My older sister and her two little children were part of our group.  To ensure their good time and her own relaxation, she had spoken at-length with David Temple of Apple Vacations, about which of Paradisus Palma Real's two resorts were most family friendly.  He had assured her that the one we ended up choosing—the larger one with the ocean view, not The Reserve—would best suit our needs.  I guess he missed that The Reserve has nightly, included, organized activities for kids, a supervised jungle gym, and a children's pool on his tour.  

All in all, we made our own fun.  You have to laugh at making English words from a Spanish Scrabble board!  We did manage to go on one (paid) excursion.  And, two of our group did get certified in Open Water Scuba.  We also developed a...passion for passion fruit and learned how easy it was to get antibiotics in DR: a phone call to a local pharmacy, $30 and a tip.  Finally, to reinforce, the spa was lovely.

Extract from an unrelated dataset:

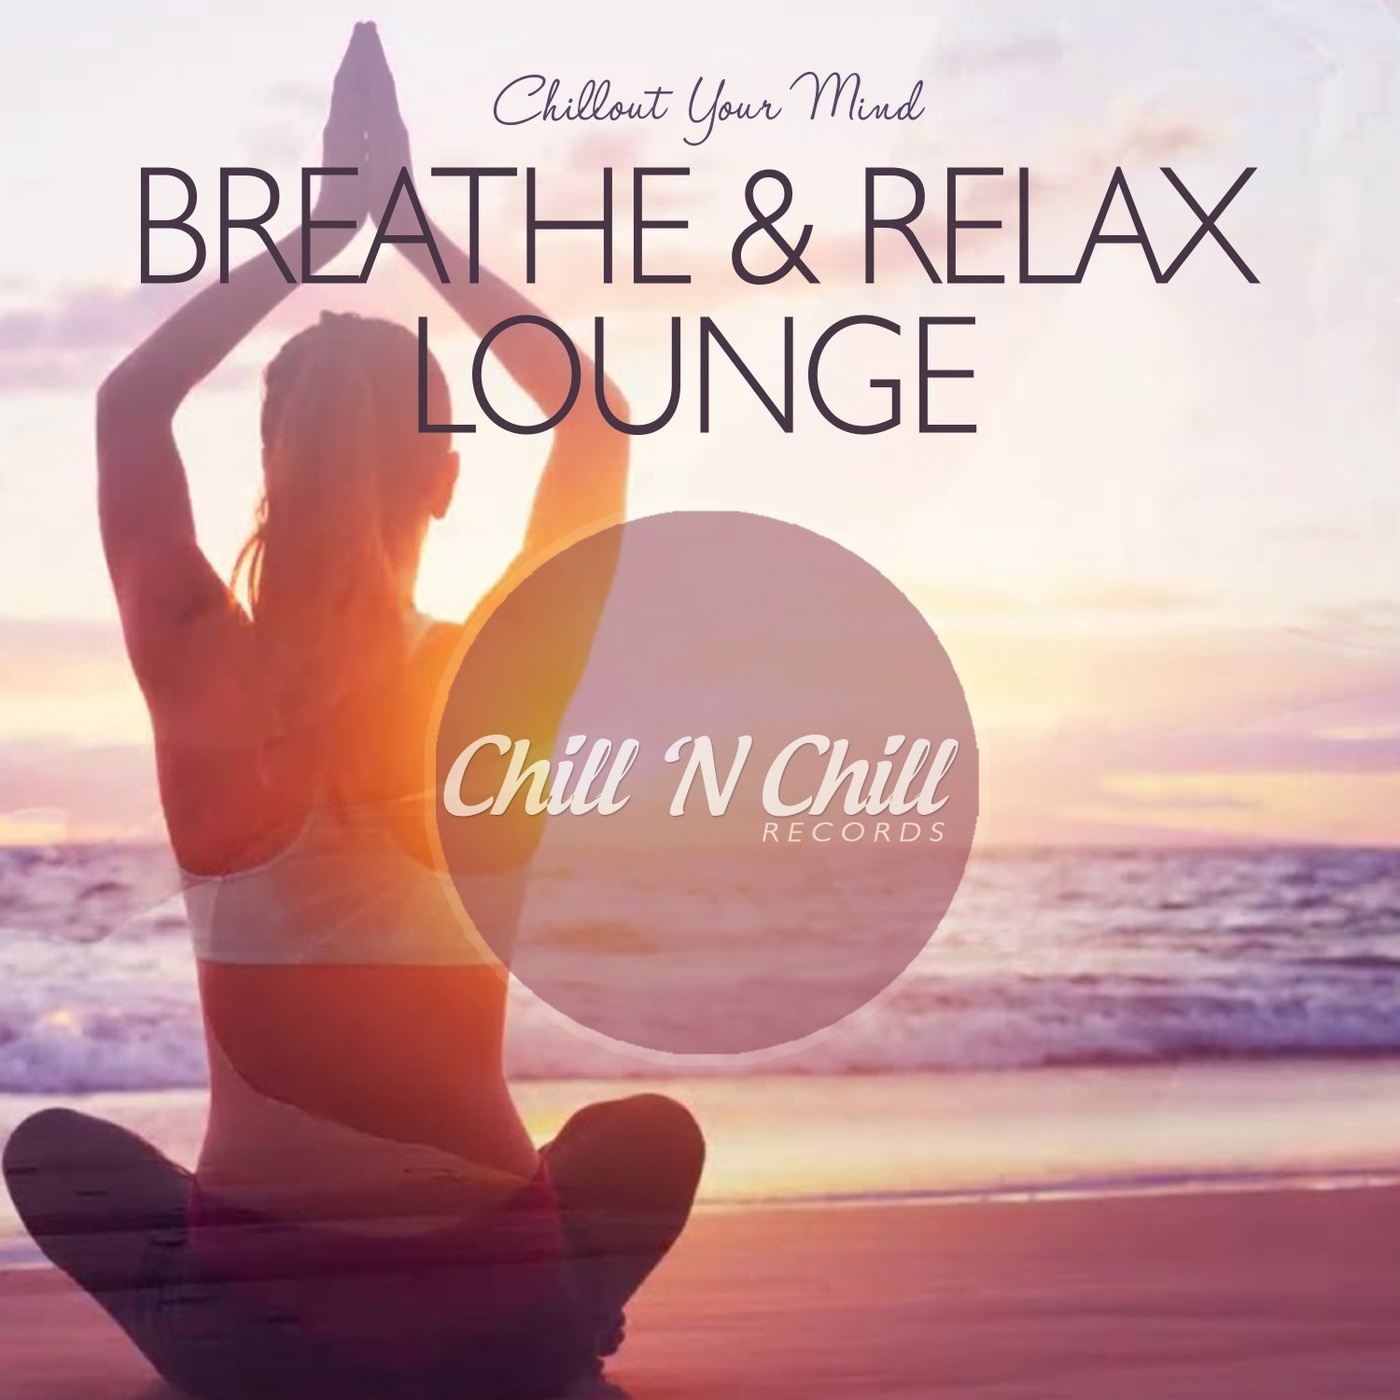 chill n chill records《breathe relax lounge：chillout your mind 1

In sum, it was unfortunate that our Apple Vacations representative was so incompetent, and that so many of the amenities that had drawn us to Palma Paradisus Real were not executed to their advertised level.

2 comments:

Ayngelina said...

What a disappointing vacation. But I'm so glad you wrote about it so others will know what to look out for.

Erika Meister said...

As I said, with good family, we made the most of it! One must!